Con diferentes excusas u objetivos pero cada vez son mas los parques en esta situación de privacidad. Se hace costumbre que un fraccionamiento en su proceso de venta o por quejas de una «invasión extranjera» habilita un parque con exclusividad de uso para compradores o habitantes registrados de esa colonia.
También se protegen esas áreas para que los niños no se salgan y se genere un ambiente de mayor seguridad. Y ya nos hemos acostumbrado a los espacios públicos en comodato para negocios particulares de actividades recreativas de paga.
Con esta lógica practica, comercialmente muy válida pero socialmente inequitativa se envía un mensaje de separación entre los ciudadanos. Los menos privilegiados son excluidos y son ellos los que, siendo mayoría en la población, terminan jugando sus ultimas cartas en actividades que encausan emociones de impotencia y odio que sembramos entre nosotros mismos.

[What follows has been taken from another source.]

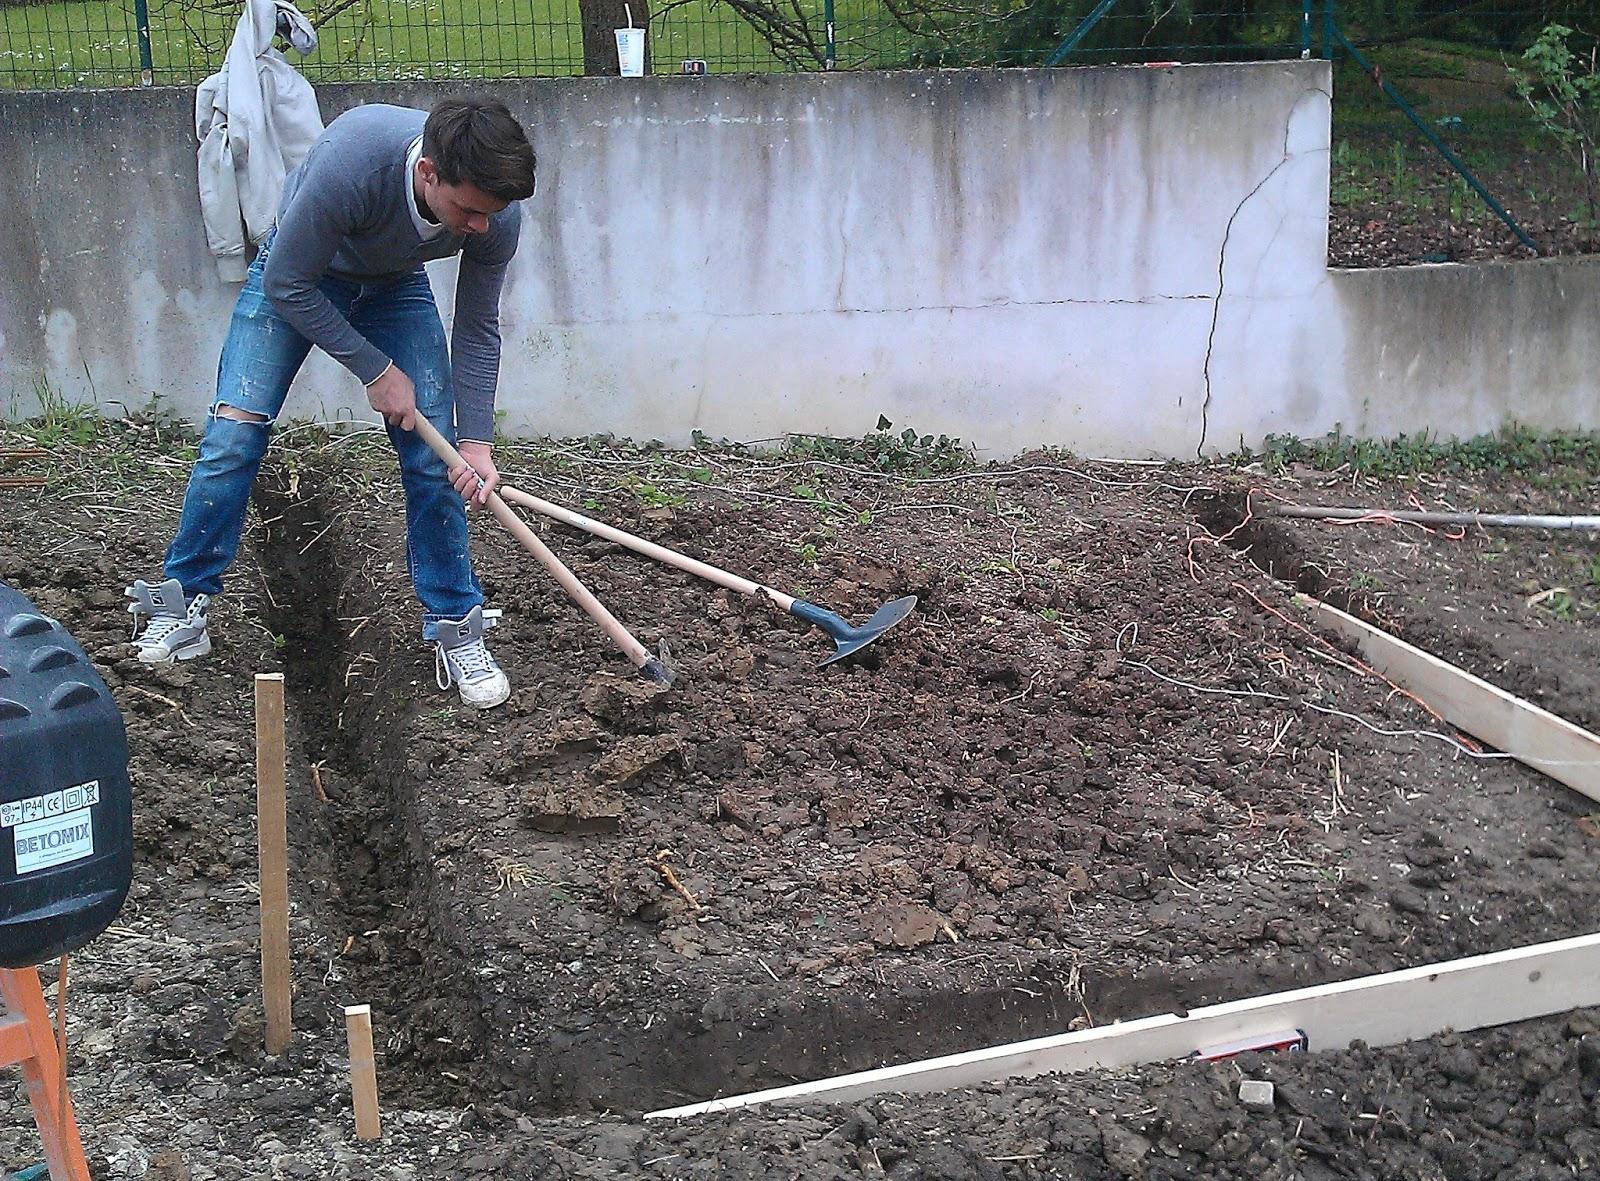 Abri De Jardin Sur Terrain En Pente Angers Maison Design Trivid Us # Abris De Jardin Amberieu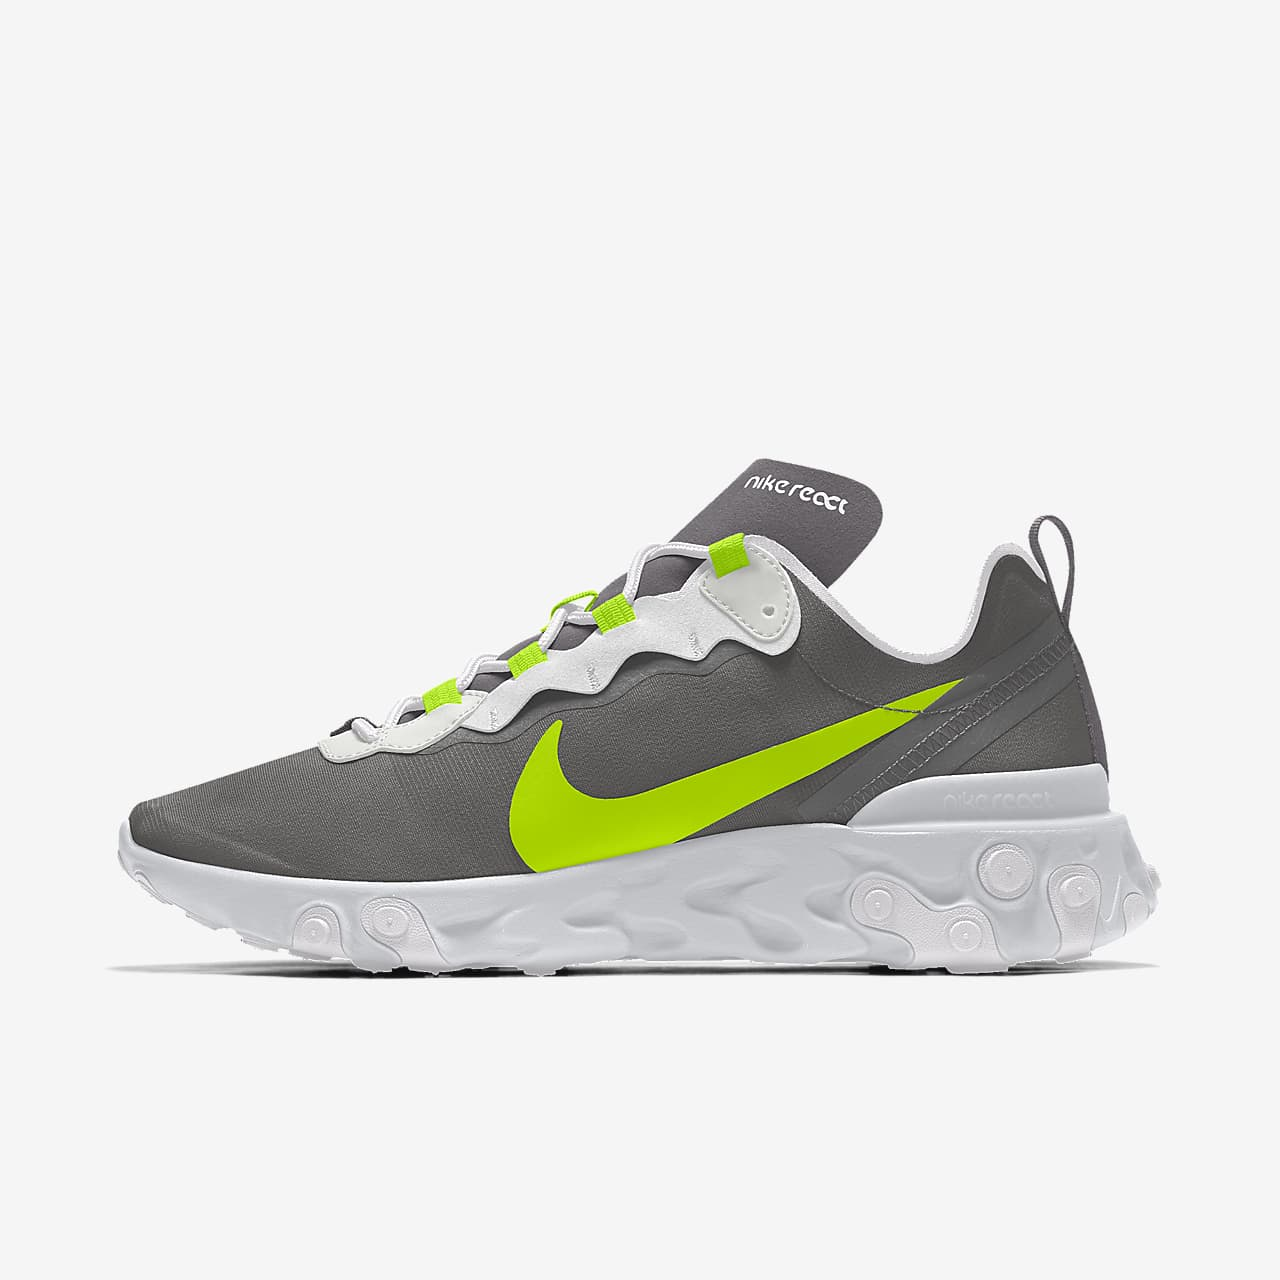 Nike React Element 55 By You personalisierbarer Herren-Freizeitschuh

Nadie cuestiona el alto sentido practico y la buena intención detrás de cerrar los parques o privatizar algunos espacios públicos pero asombra que no nos hayamos dado cuenta de lo que estamos provocando al no compensar estas acciones.
Es por ello que debemos de normar correctamente estas practicas para evitar que por comodidad de unos se alimente el proceso de putrefacción de nuestro tejido social , proceso alentado sin duda por el consumismo y la necesidad de TENER para ser aceptado. Así las cosas en esta oportunidad simplemente levanto las preguntas conciente de que en teoría todas ya sabemos que los espacios públicos son públicos pero que la realidad se esta llenando de excepciones. ¿Es válido cercar un parque? La colindancia de un parque de clases sociales diferentes justifica su exclusión de uso para los que son vecinos? ¿Cuales serian las reglas justas para satisfacer la percepción de seguridad y asegurar el buen mantenimiento de un parque? ¿Como podría un parque ser una oportunidad y no una limitante del desarrollo social? una política publica coordinada en favor del urbanismo social podría compensar estas practicas ? Usted lector tiene las respuestas.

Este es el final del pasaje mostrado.